What is perhaps most heartening is that the agitation was led and organised by the women workers who steadfastly refused to allow men into it, citing reasons such as that they were easily swayed by alcohol and that it was the women who did the actual work of plucking leaves and carrying and loading the burden. The country’s biggest trade unions such as AITUC (CPI), INTUC (Congress) and CITU (CPM) were forbidden from co-opting the movement, even though at one time they tried to barge into their protest. After all, the workers argued, they had done precious little to improve their conditions and instead preferred to cosy up to the management. Workers also released a list of 150 trade-union leaders who had got bungalows cars and other benefits from the TATA management in KDHP while they had to make do with the daily minimum wage for plucking 21 kg of tea leaves per day at the minimum.

Not suprisingly, the management initially went on the defensive and refuted the charges of the workers. Soon, though, the state government got involved and following talks with the current chief minister Oommen Chandy, the strike was called off after the 20 per cent bonus demand was agreed to (8.33 per cent bonus and 11.67 ex gratia).

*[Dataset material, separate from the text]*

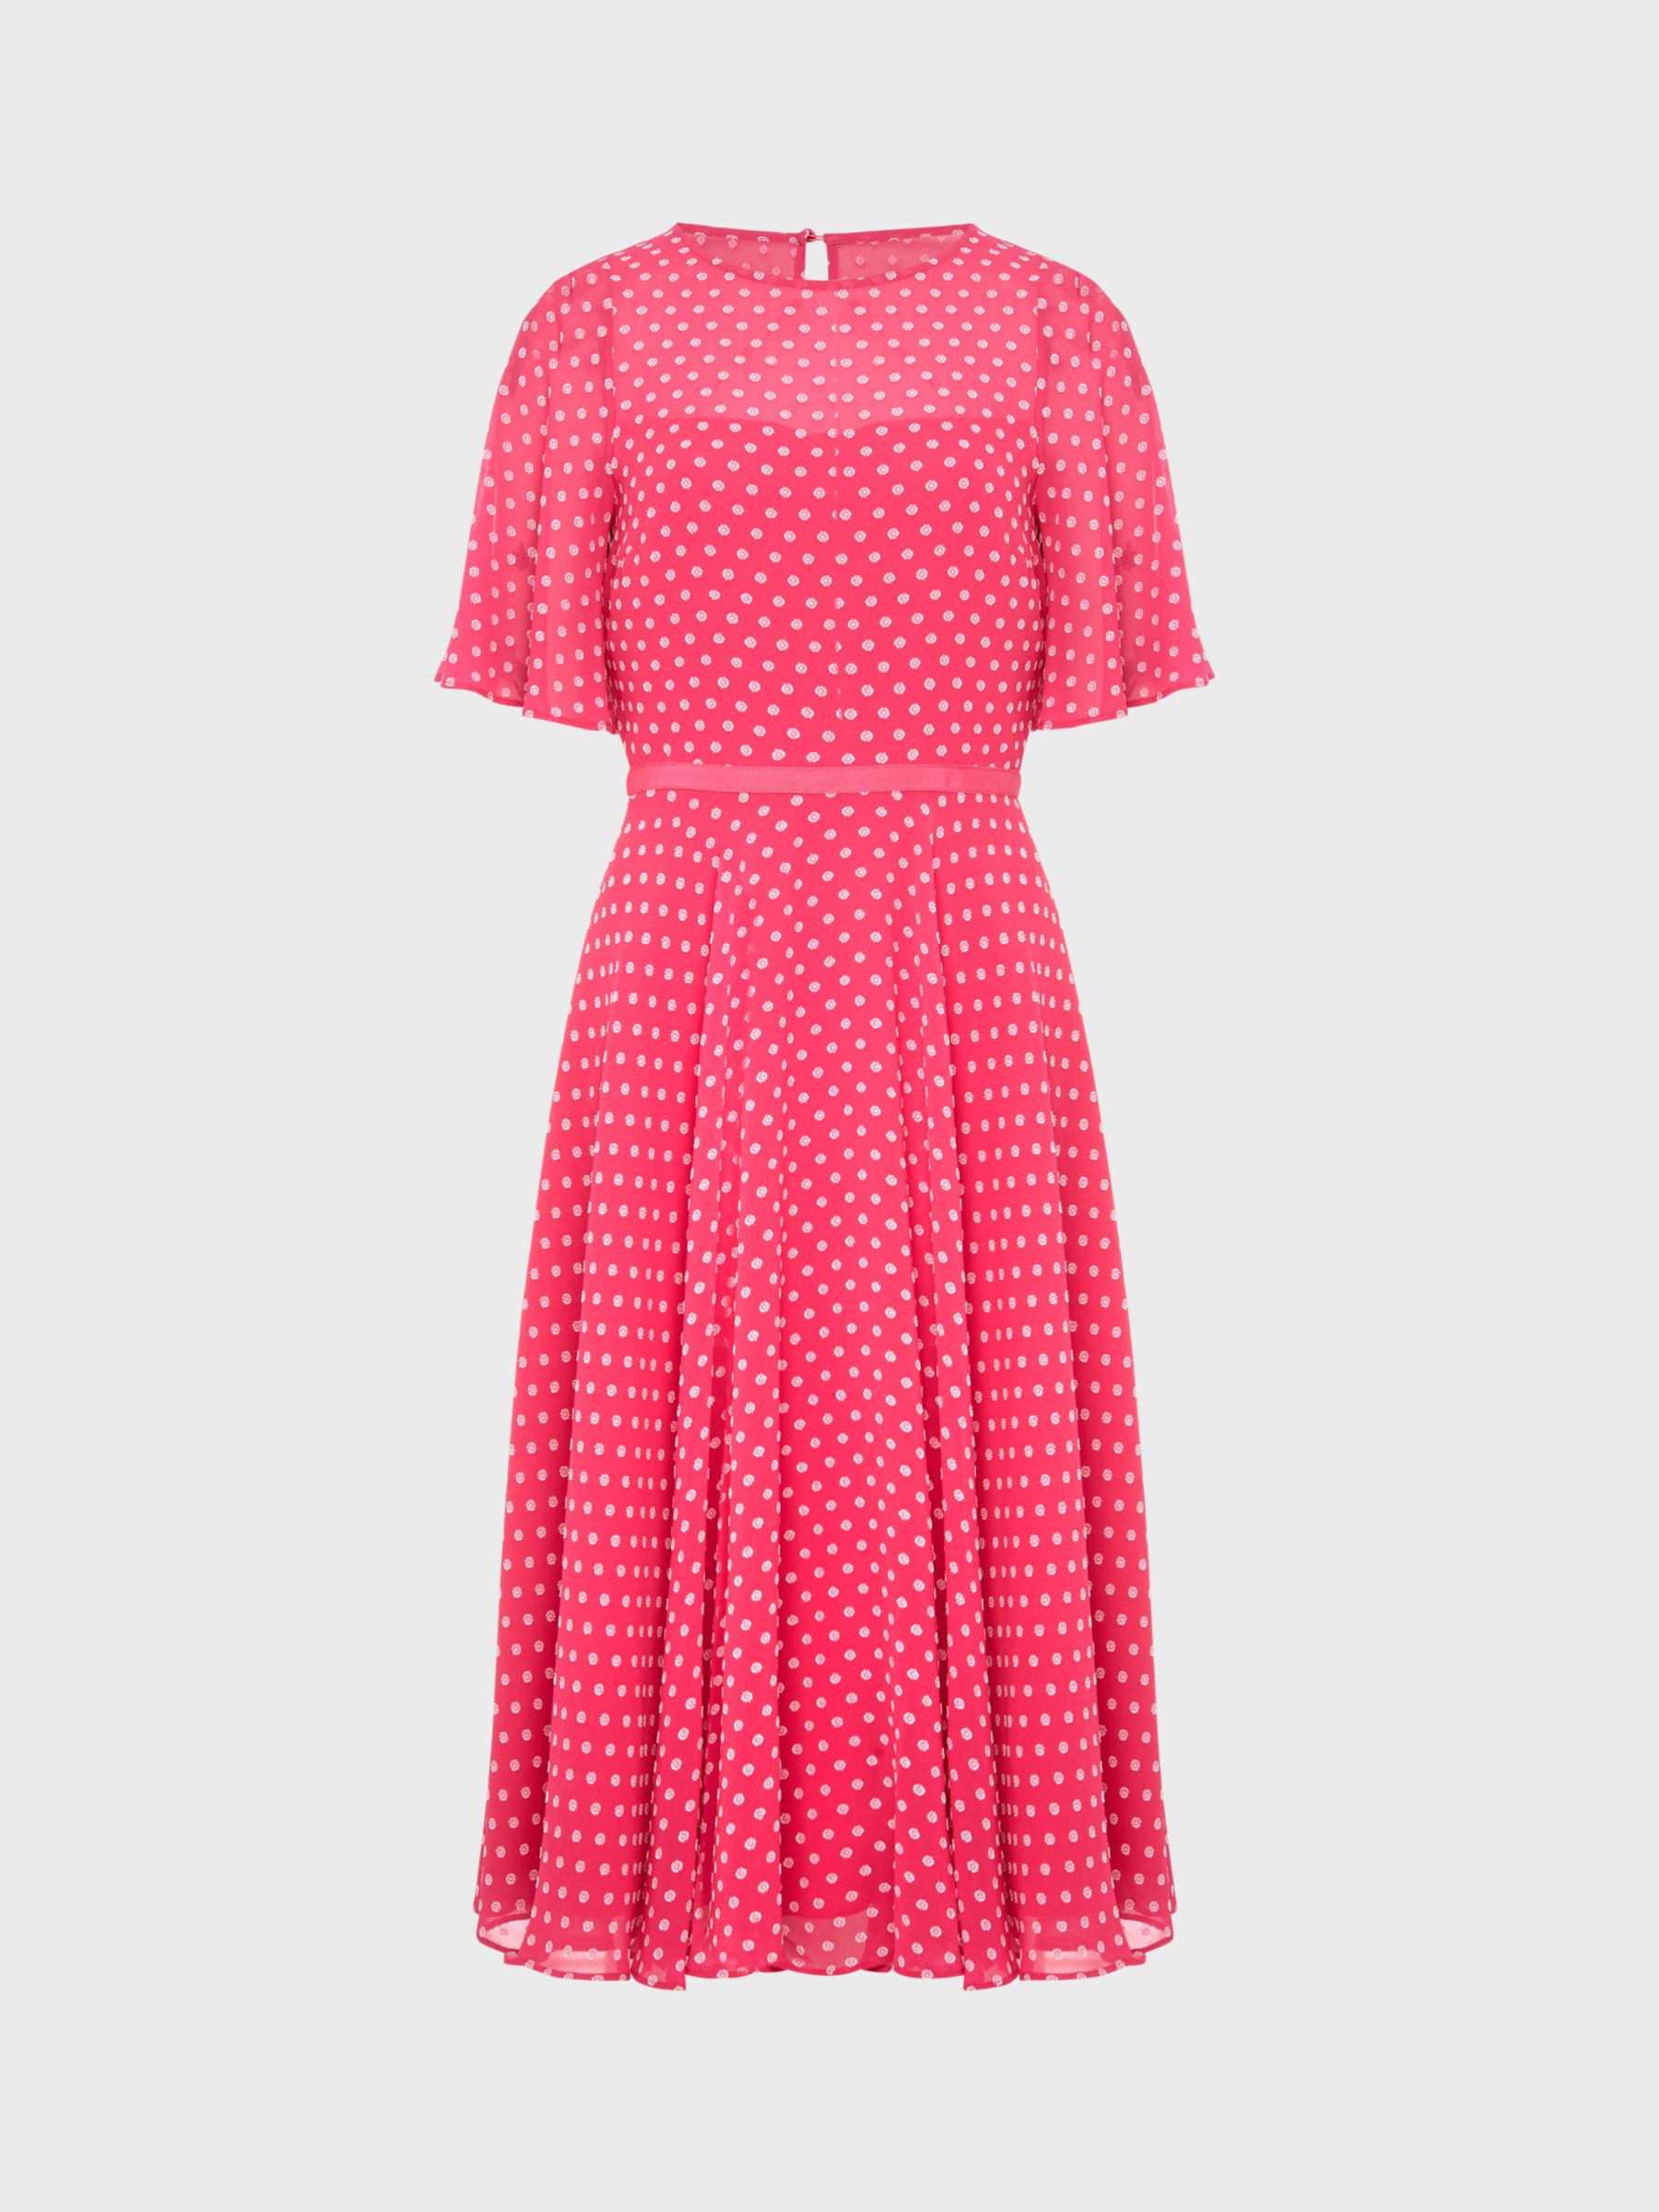 Hobbs Eleanor Polka Dot Dress, Pink/Ivory, 14

However, a decision on the issue of the daily wage was deferred for later. Even then, it is a great vindication of workers’ rights and the fact that it was achieved by women and their struggles makes it even more inspiring. It is an unapologetic, brazen and a much-needed defiance of the norms established by political and patriarchal institutions.

Similar strikes were soon called by women workers at other places including Harrisons Malayalam Ltd’s tea estates in Idukki and Wayanad districts, where 500 women workers went on strike and over 11,000 workers of TATA tea resorted to ‘go slow’ plucking in peak plucking season, one of the slogans being ‘we pluck tea leaves, you pluck our lives.’

CB view

An interesting angle to this is the caste issue that permeates the everyday lives of most workers. The struggling workers in Munnar are Dalit women workers, mostly Tamil-speaking and of the Pallar caste; they have suffered centuries of oppression, having been brought as indentured labour from nearby Tamil Nadu by the British colonial administration. Not long back in July, BJP president Amit Shah backed the proposal to rename seven sub-castes, including Pallars, as Devendrakula Vellalars and do away with them being called Dalits or SC. Even if this does becomes the case, it is highly unlikely that the conditions of these workers will improve simply by disassociating them from a term. Class oppression is tangible and insidious and cannot be renamed away.

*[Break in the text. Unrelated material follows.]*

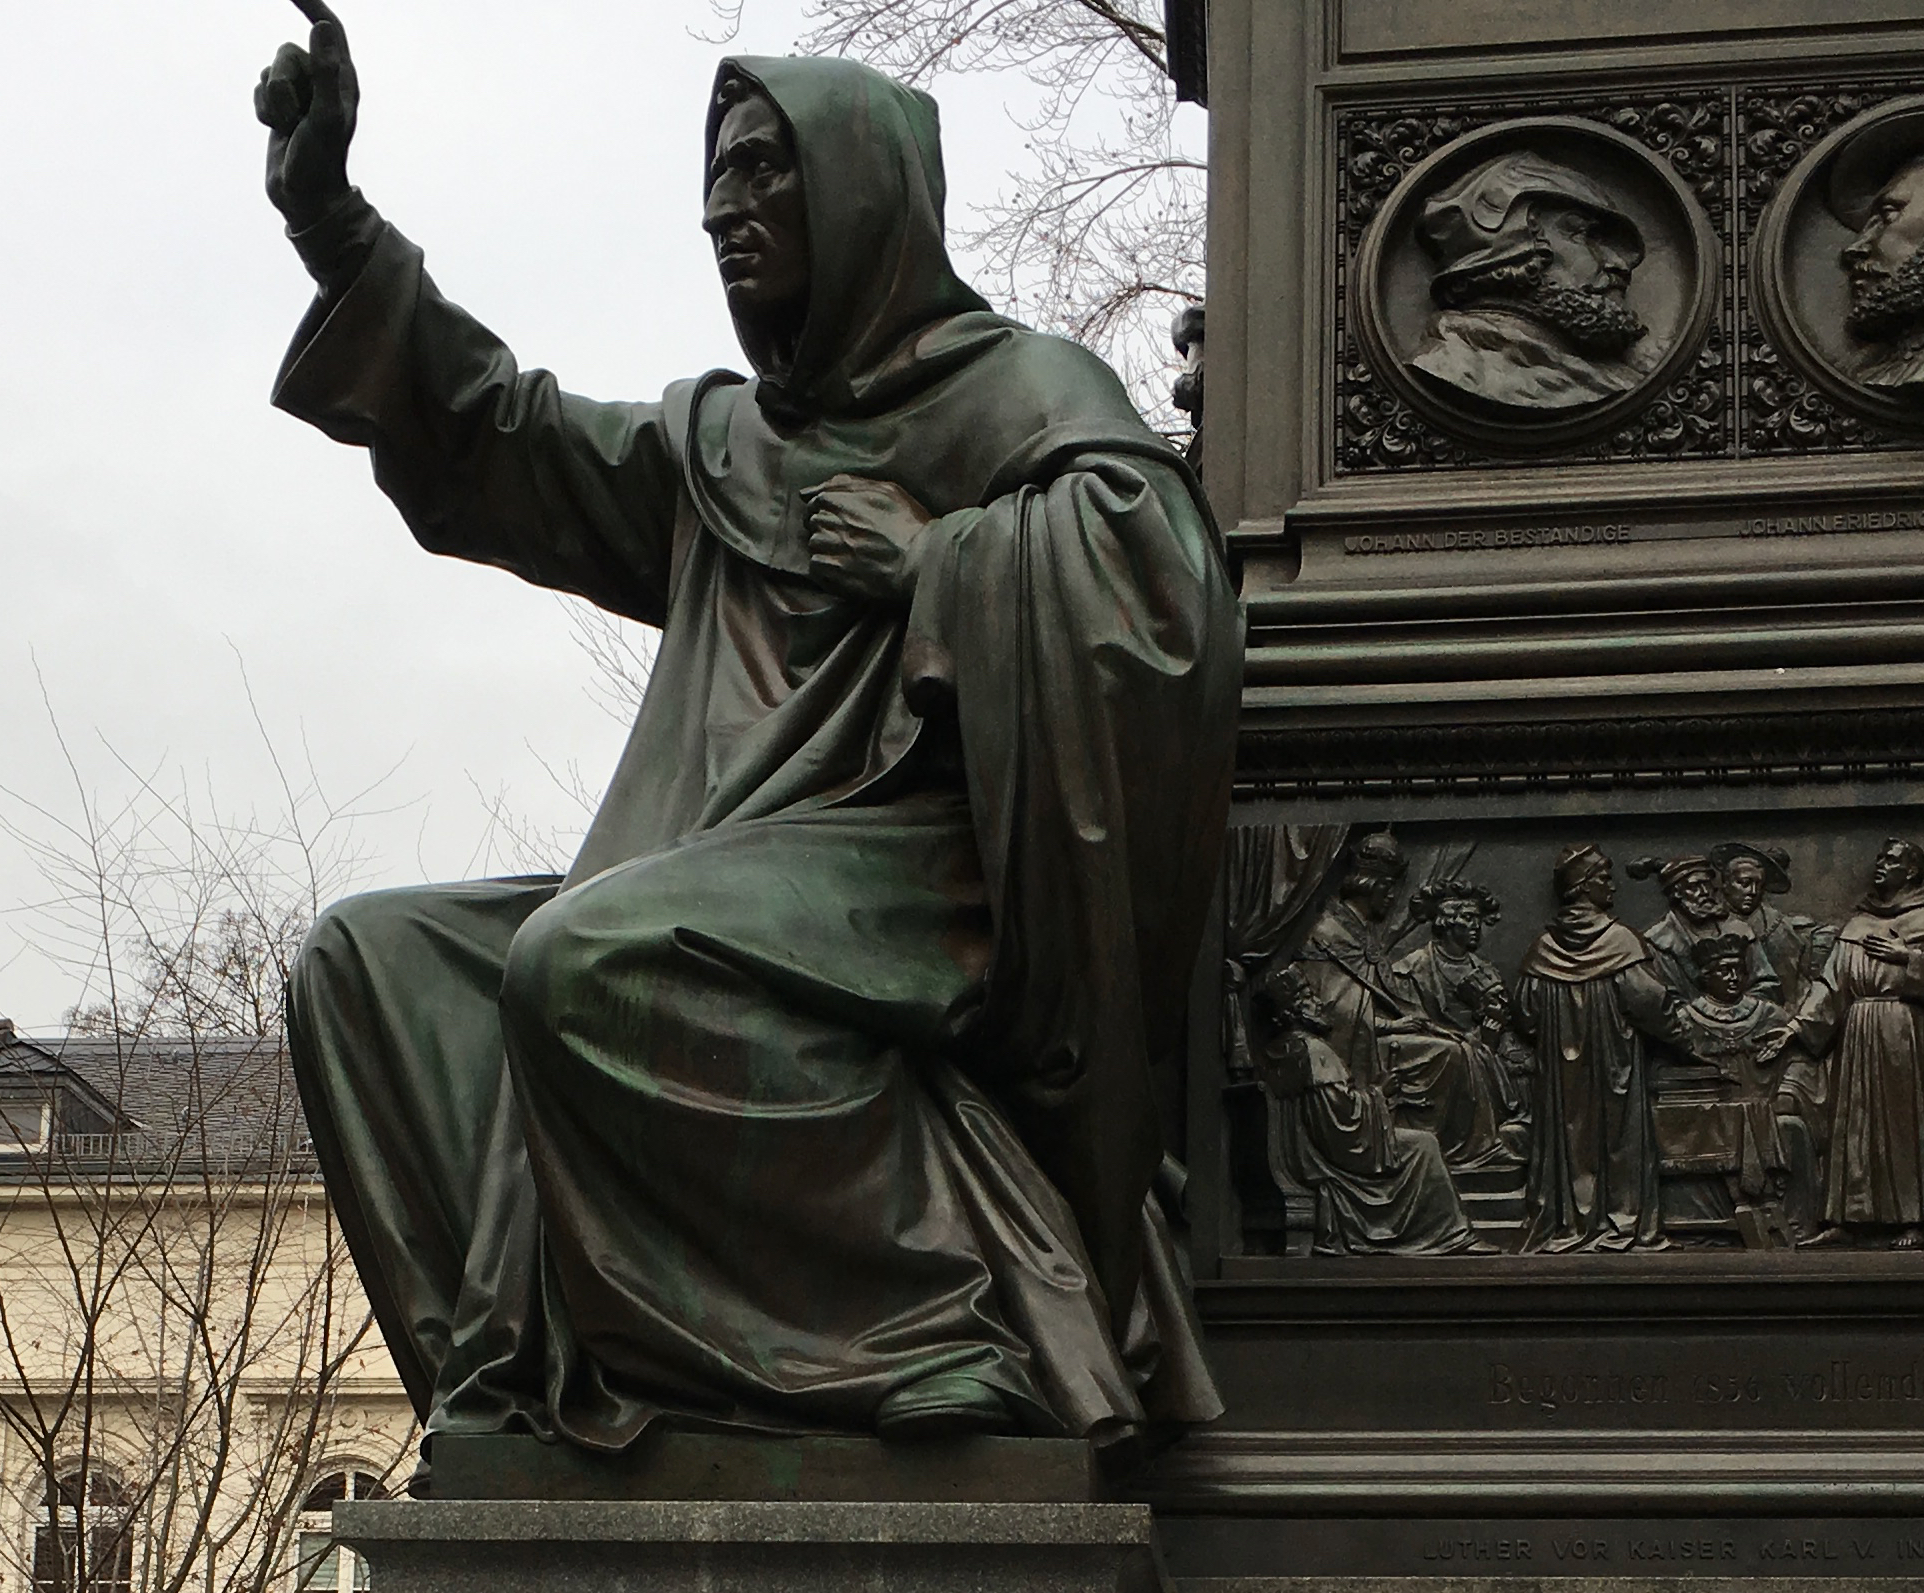 SavonarolaLuther

A few facts that need to be kept in mind when discussing plantation workers is that most of them are descendants of millions of indentured workers who were forcibly brought to these areas to work several decades back. Even though they are supposed to be part of the organised sector, as we see in the above cases, their pay is often even less than that in the unorganised sector. By its very nature, plantations require uneducated, low-paid and a steady stream of labourers. Aside from being desperately poor and oppressed, malnutrition and diseases are frequent occurrences. Combine this with the fact that tea gardens are often large and isolated, and workers are completely dependent on the estate for their livelihood. Being poorly educated and with little prospect of alternate employment opportunities, threats of closing down these estates work to the benefit of the owners, depressing the already low wages. In a country where workers’ rights are frequently trampled upon and a healthy minimum wage is an attractive idea at best, these workers have got the shorter end of a very small stick.

While white-collar worker issues are often explored at length by the mainstream media and their intellectuals (think of the NYT article on Amazon) and, at the very least, given lip service by corporates, the problems of blue-collar workers and menial labourers tend to mysteriously disappear from popular discourse. But even when these non glamorous issues are sidelined, what needs to be remembered is that every worker deserves access to basic human rights and a life of dignity – and that is true corporate social responsibility (CSR, as we know it).